İçinden Tiyatro Geçen Mektuplar’daki (E Yayınları) mektuplaşmalar insana, sanata, hayata incelikle, zarafetle, bilgelikle, bakan iki dostun kaleminden çıkan metinlerden oluşuyor. Zehra İpşiroğlu ve Eylem Ejder’in tiyatroyu odağa alarak başladıkları eleştiri pratiği, iki yılı kapsayan bir zaman içinde tüm yaşamı kavramaya yöneliyor. Zamana ve mekâna dair en çok da taşlaşmış yargılar, ayrıştırıcı duvarlar, dışlayıcı politikalarla insan eliyle üretilmiş tüm sınırları aşarak birlikte düşünmenin birlikte üretmenin estetiğini ortaya koyuyor.
DÜŞÜNSEL BİR ALIŞVERİŞ
– İçinden Tiyatro Geçen Mektuplar, iki yılı aşkın bir süreye yayılan, farklı zamanlara açılan, farklı mekânları kuşatan, farklı görüşleri sınayan, özverili ve derinlikli bir diyaloğun yansıması olarak çok değerli bir proje. Sizin için bu fikir nasıl ortaya çıktı ve gelişti?

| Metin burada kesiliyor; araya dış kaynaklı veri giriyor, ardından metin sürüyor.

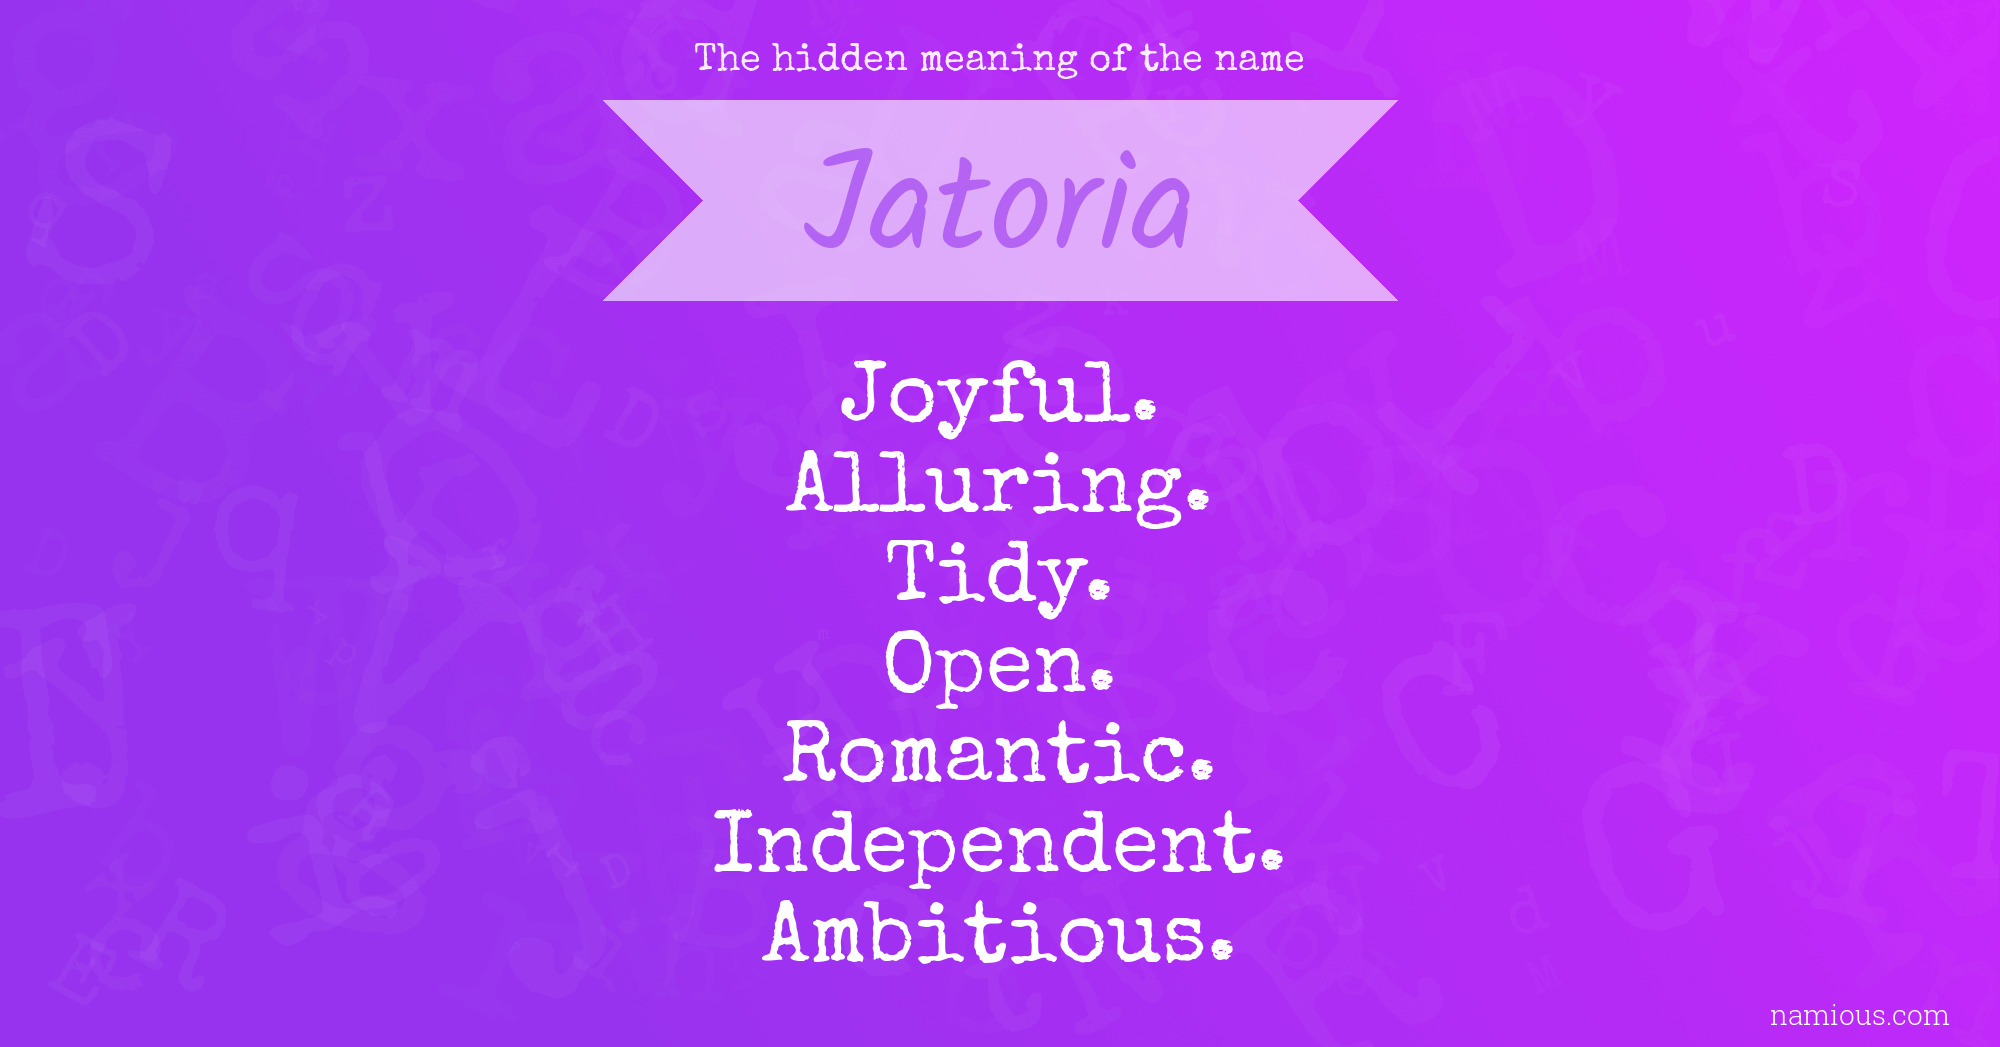 The hidden meaning of the name Jatoria

ZEHRA İPŞİROĞLU: Yıllardır tiyatrocu arkadaşlarımla ve öğrencilerimle hiç bitmeyen bir düşünsel alışveriş içindeyim. İzlediğimiz oyunlar ya da kendi yaptığımız çalışmalar üzerine hep konuşuruz, tartışırız. Eylem, tartışmalarımızı belgeleme fikrini ortaya attığında hoşuma gitti. Ama şöyle de bir kaygım vardı, bol görsel malzemenin paylaşıldığı Instagram döneminde mektup ya da daha doğrusu e postaya insanlar ilgi gösterebilecekler miydi?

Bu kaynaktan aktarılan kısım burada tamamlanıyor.